Вечером солнце за землю уходит,
Осенью в поле чернеет трава.
Все изменяется, все проходит,
Но память о Ленине будет жива…

И она была жива. Делами обращалась…

* * *

А время шло своим чередом. И приближался сход.

Аппе за последнее время даже осунулся. Все-то ему казалось, что не сумеет сказать самого главного, самого нужного. А тут среди ночи проснулся, весь в холодном поту. Спрашивает: «Люди, где люди?» Я-то, конечно, поняла, что ему не дает покоя. Говорю: «Известили людей, все соберутся в полдень». И успокоила, как малого ребенка. Только все равно до самого утра ворочался с боку на бок да воевал во сне с Алимурзой.

На другой день по дороге на сход я рассказывала Гайто, посмеялась, как мой муженек в постели воюет. Аппе осердился, на меня буркнул:

— А воевать — это вам тоже не горшки обжигать. И у шашки с пулей свой язык есть. — А сам еще сильнее зажал под мышкой бумаги, словно боялся, что кто-то отнимет их у него. — Ладно, Гайто, спасибо тебе скажу, это верно. Теперь я понимаю, что не одна пуля насмерть разит, и слово скалу рушит…

— Вот-вот! — засмеялся Гайто. — Не заставь тебя за книжки взяться, так и останешься рубакой, а партии нужны сейчас и другие солдаты. И не просто чтобы винтовку на лопату сменить, а чтобы лопатой науку ворошить, ума набираться.

— По мне куда легче было Зимний брать и на бичераховских головорезов с шашкой наголо выходить, чем сегодня с глазу на глаз перед народом стоять… Это я тебе точно скажу…

Уж я-то знала, какой червь гложет душу моего Аппе. Сколько раз он заставлял меня дома слушать то, что собирается сам сказать на сходе. Как советскую власть по Ленину строить и какая красивая будет жизнь в горах… Слушала я, и каждое слово мне казалось золотом.

Мы втроем подходили к площади, куда раньше скликал народ мулла и, вздевая руки к небу, обращался с минарета к аллаху.

— Слышите? — на чуток остановился Гайто и с радостью повторил: — Слышите? Поют! Новую песню поют! — И он вдруг тоже подхватил вполголоса мотив.

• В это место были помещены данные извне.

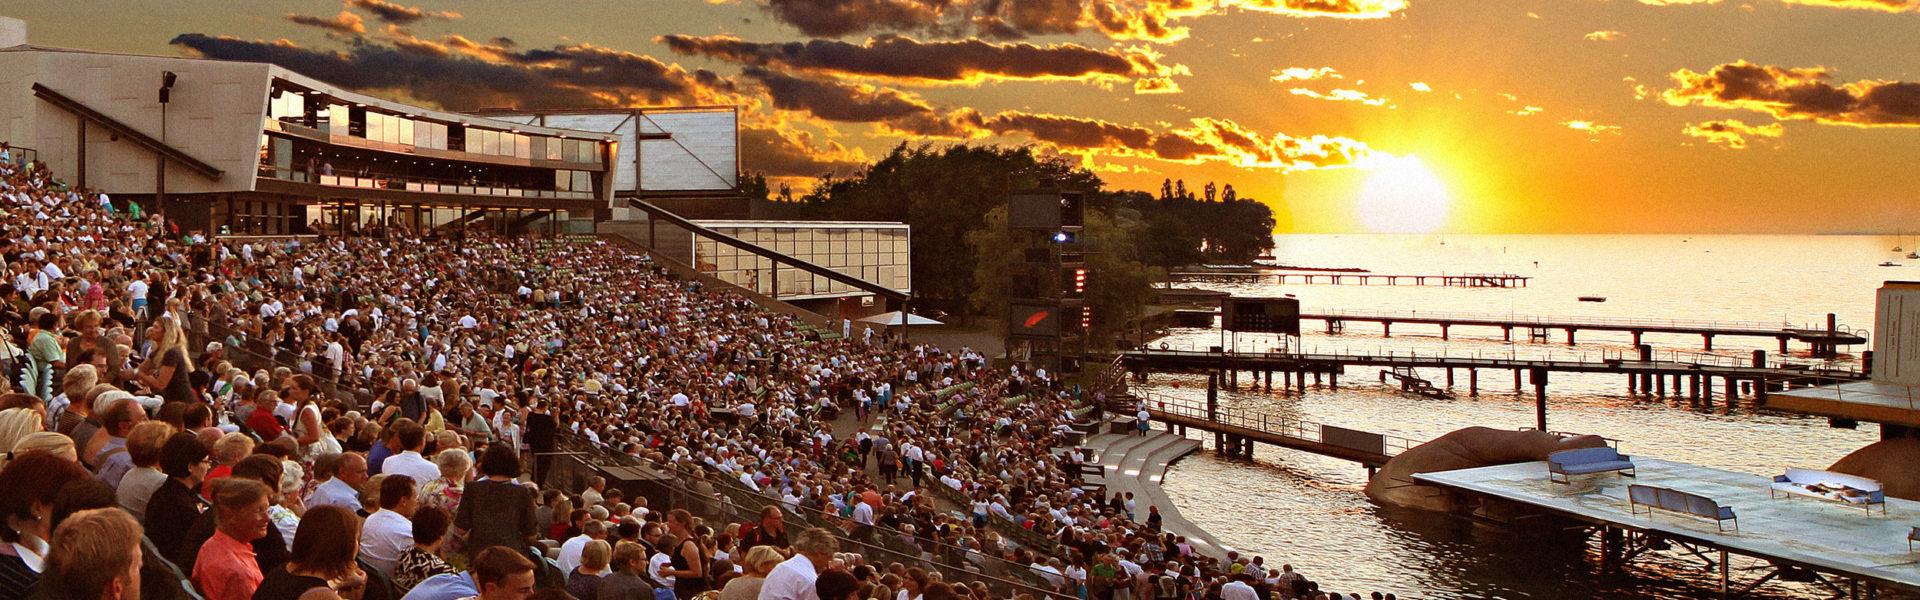 Spiel auf dem See, Seebühne Bodensee, Festivals in Vorarlberg (c) Foto Bregenzer Festspiele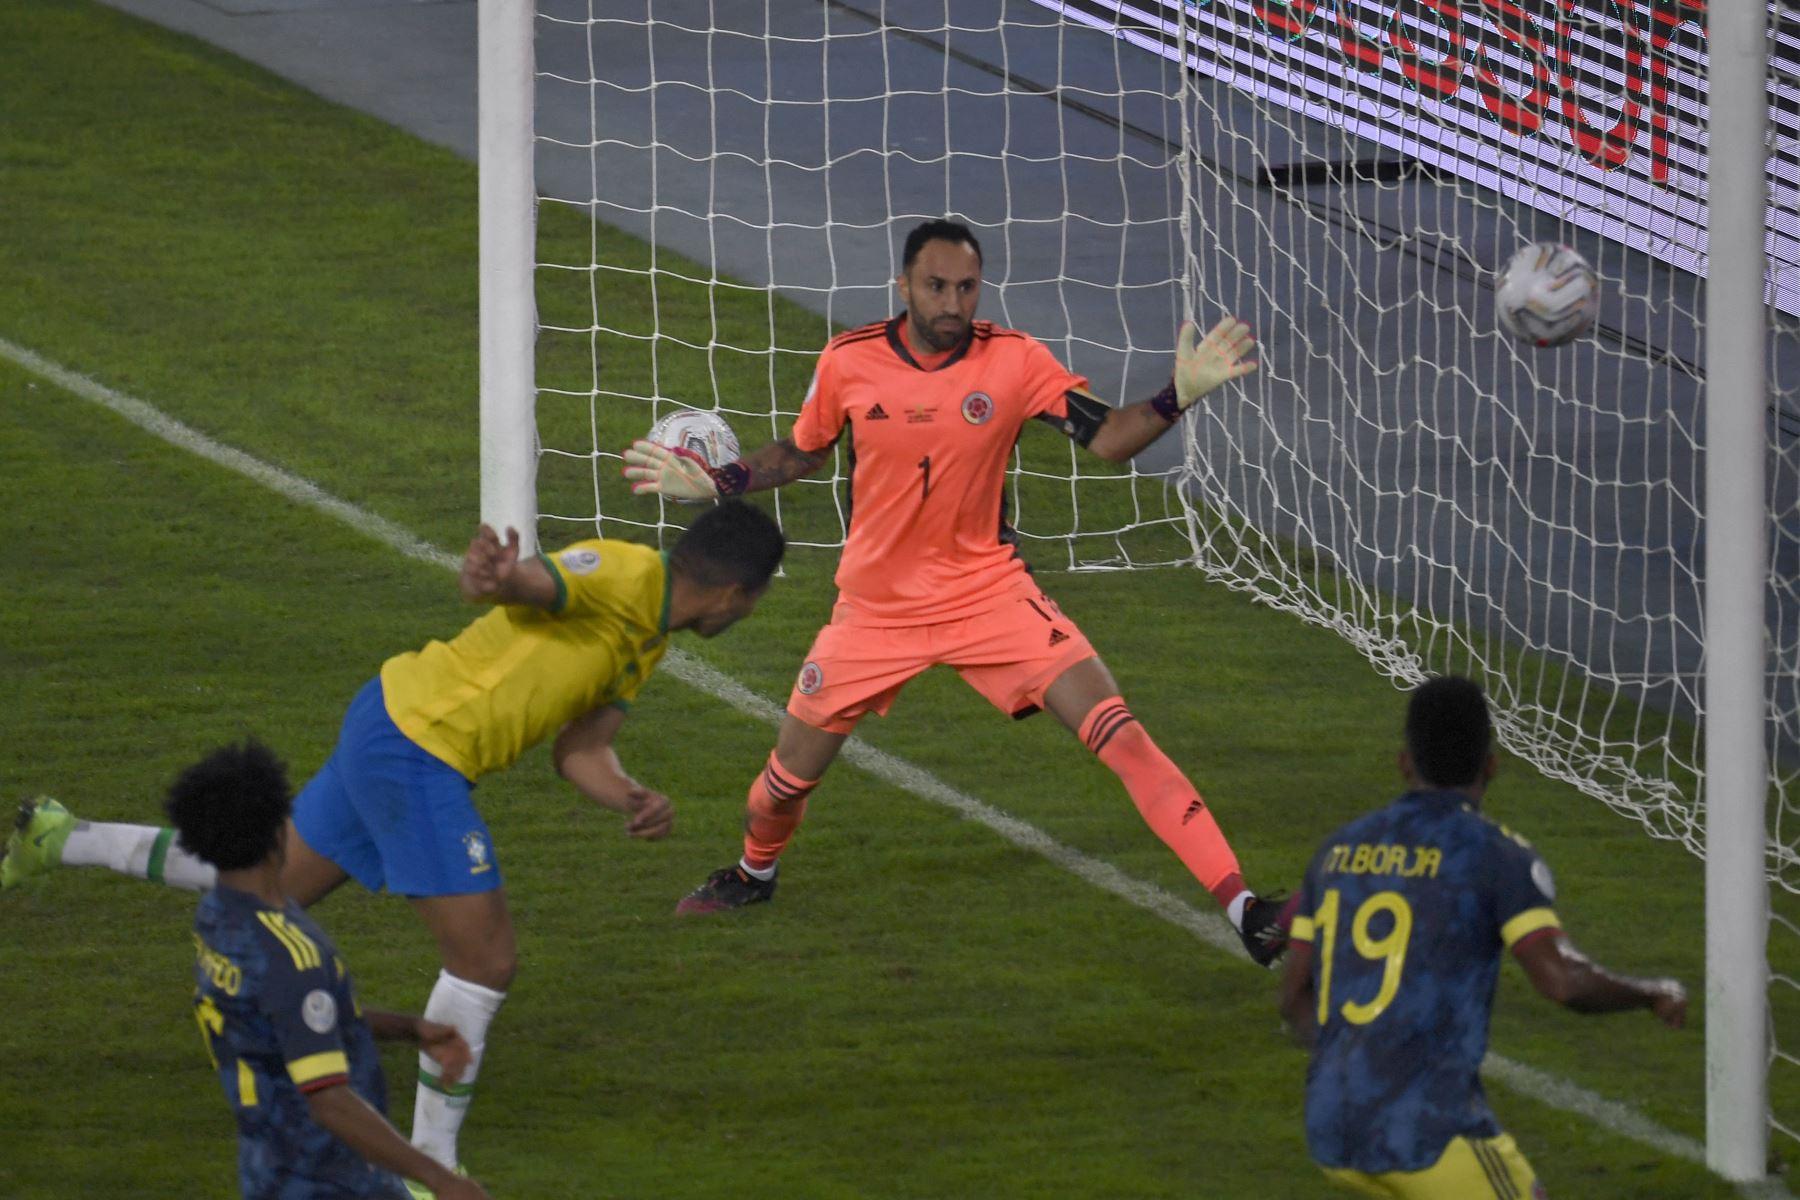 Casemiro de Brasil se dirige a anotar contra el portero de Colombia David Ospina durante el partido de la fase de grupos del torneo de fútbol Conmebol Copa América 2021, en el Estadio Nilton Santos en Río de Janeiro, Brasil. Foto: AFP

Мы подошли ближе к столпившимся людям и хотели протиснуться ближе к поющим. Но никто не расступился, все зачарованно слушали песню.

Я тоже затаила дыхание.

Вечером солнце за горы уходит, —

вытягивал кто-то басом.

Осенью в поле чернеет трава, —

сменил его другой голос.

И все грянули хором:

Все изменяется, все проходит,
Но память о Ленине будет жива…

Я заслушалась. И, как бы угадав мои мысли, Гайто шепнул мне на ухо:

— Не хуже поют, чем куртатинцы.

— Если не лучше… — И представила себе своих земляков, которые сочинили эту песню. Где, в каком селе они теперь? Сколько мест успели объехать, кого песней одарили? Не сомневалась, что вся Осетия скоро будет петь эту песню…

Мне хотелось поговорить с Аппе, поделиться своими чувствами, спросить, что он думает о певцах. Но ему, казалось, было не до них. Еще когда он увидел в сборе все село, то будто оробел и пробормотал: «Откуда их столько?»

Но тут песня кончилась, все захлопали, загалдели, зашумели. И смех раздался, и добрые слова послышались. А вот уже и Гайто поднялся на трибуну, сколоченную из оструганных досок, и руку поднял. Кто-то крикнул:

— Тише! Ти-ше, граждане и товарищи! Гайто говорить будет!

Но Гайто говорил недолго. Похвалил певцов, пошутил. А потом предоставил слово Аппе. Тут уже и меня в жар бросило, словно самой говорить нужно было. Аппе поднял голову, окинул площадь глазами и зачем-то расстегнул ворот, шинель распахнул. А день-то холодный, февральский. Испугалась, как бы не застудился. Аппе, бедный мой Аппе, все никак не мог собраться с духом. Пока не догадался заглянуть в листок. Пересохшим горлом хрипло произнес:

— Граждане! Товарищи! Друзья-хлеборобы, простите меня, если я не найду достойные слова и буду говорить коряво. Я не оратор и не ученый. Я просто врагов наших общих до смерти ненавижу, алдаров и буржуев всяких. А за советскую власть голову положу…

Я кивала ему, он смотрел в мою сторону и не видел меня. Люди внимательно слушали Аппе. Он говорил теперь увереннее. Говорил о жизни нашей сегодняшней и о том, какой прекрасной она будет завтра. Говорил о вожде революции Ленине и о памяти и благодарности людской, которая живет в сердце каждого осетина — рабочего и крестьянина. А под конец прочитал слова клятвы, которую советский народ и партия дали, провожая в последний путь дорогого Ильича.